Et là le choc. Et surtout les larmes qui montent malgré moi. Je me rends compte que je ne regarde que peu les photos de ma “vie d’avant”. Je n’aime pas les revoir, je n’aime pas revoir la fille que j’étais avant. La fille d’avant elle n’avait pas cette tristesse perpétuelle au fond du coeur, elle n’avait pas cette mélancolie chevillée au corps. La fille d’avant, elle était foncièrement positive, convaincue que la vie la portait vers du mieux. La fille d’avant elle fourmillait de projets, tout le temps. La fille d’avant elle avait le corps et le coeur qui tenaient bon, les épaules pour encaisser les coups durs et le rire pour enchanter les bons jours.
Il y a 10 ans, j’avais 24 ans, je finissais mes études dans un nouveau domaine et j’avais hâte d’attaquer ma vie professionnelle. Mon mec finissait de retaper sa maison, j’étais encore à faire mes allers-retours entre Paris et Toulouse, j’étais au commencement d’un nouveau truc. Tout n’a pas été simple par la suite, les premiers boulots un peu décevants, le chômage, les coups de mou. Mais j’étais sûre d’un truc : j’allais vers le mieux. Et j’avais raison au final, mon optimisme n’était pas béat, je savais que j’allais récolter les fleurs des petites graines de vie semées depuis des années.
Ce qui est dur de me dire en fait, c’est que véritablement j’avais réussi à construire ma vie comme je l’entendais. Est-ce que tout était parfait ? Non, assurément pas. Mais bordel que je me sentais bien. A l’aube de mes 30 ans, quand on a décidé de fonder une famille, je me sentais bien. J’avais un boulot que j’adorais, un avenir professionnel qui me souriait. Je me sentais bien dans mon corps malgré quelques soucis de santé, j’avais enfin repris le sport. On sortait régulièrement avec mon mec, on profitait des expos, des restos, des brunchs entre potes. On était bien installés dans une maison, on voulait déjà quitter la région parisienne mais c’était un projet long terme, on avait des rêves d’achat immobilier à retaper… Globalement ça roulait, on en était conscients, et devenir parents dans cette période coulait de source. Le handicap de mon fils m’a heurté en pleine course, et la fille d’avant n’existe plus.

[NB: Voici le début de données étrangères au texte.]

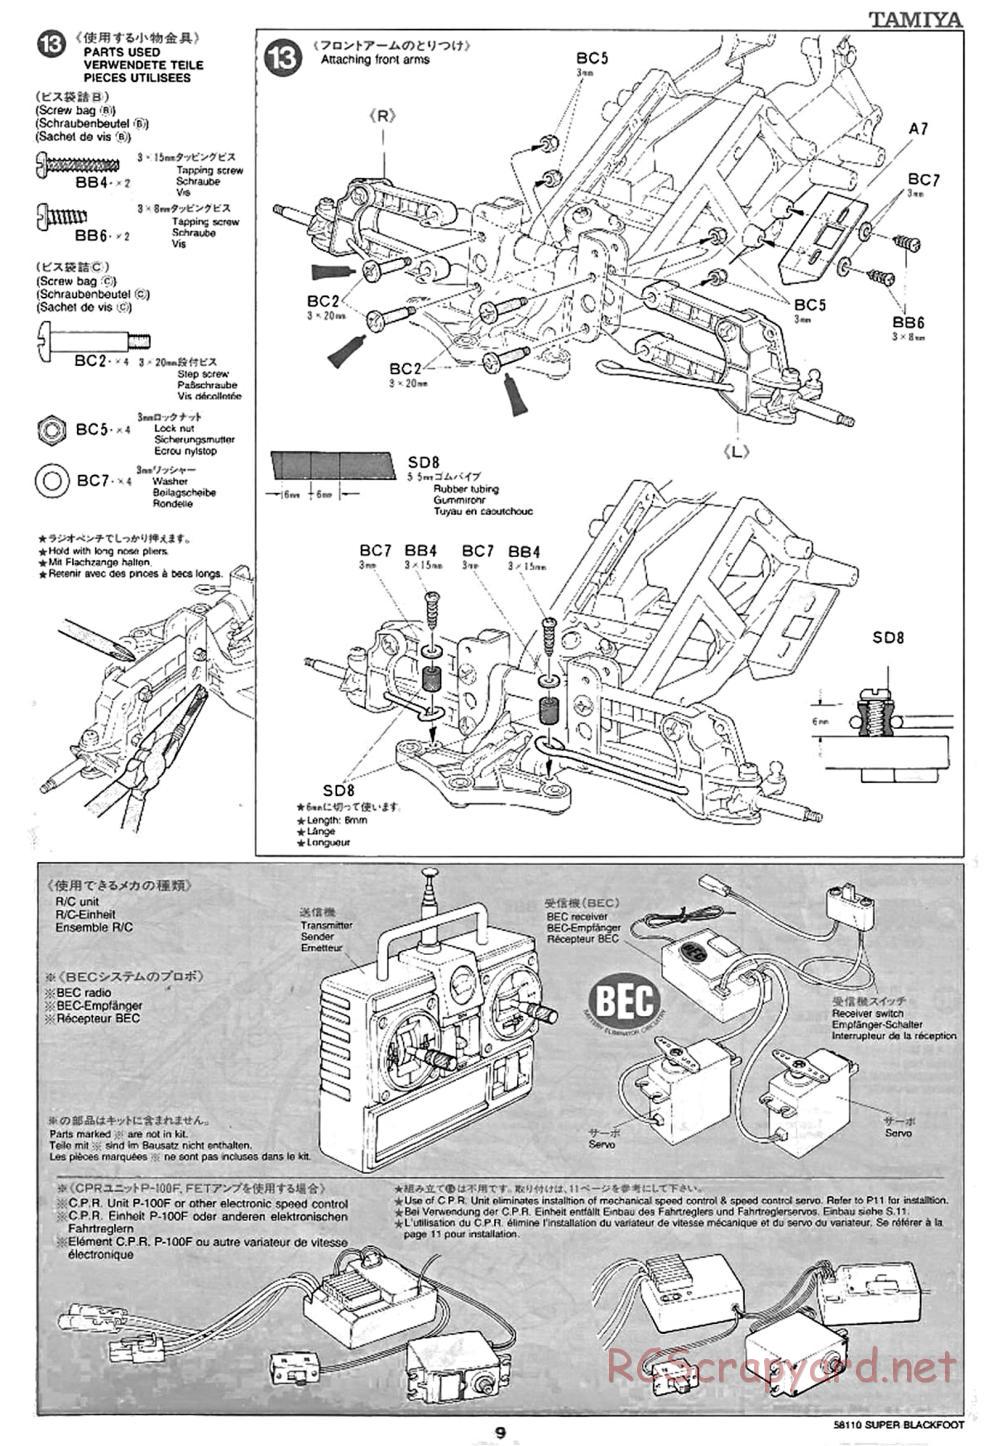 Tamiya - Super Blackfoot Chassis - Manual - Page 9

Il est dur de vivre sa maternité pleinement quand on regrette tellement ce qu’on avait avant. La réelle insouciance. L’intime conviction d’avoir la possibilité, la capacité, la ressource à aller de l’avant malgré les épreuves de la vie. Le temps où la résilience n’était qu’un concept et où “se réinventer” n’était qu’un joli terme marketing. Ne venez pas me dire que l’incertitude fait partie de la vie, nous ne la vivons pas à la même échelle. Ne venez pas me dire qu’il est temps d’accepter : de 1, je ne le sais que trop bien, de 2 vous n’avez aucune idée de l’ampleur de la tâche.
2019, j’ai 34 ans, j’ai beaucoup et j’en suis aussi, paradoxalement, consciente. Je sais la valeur de beaucoup de choses malgré la dureté des désillusions.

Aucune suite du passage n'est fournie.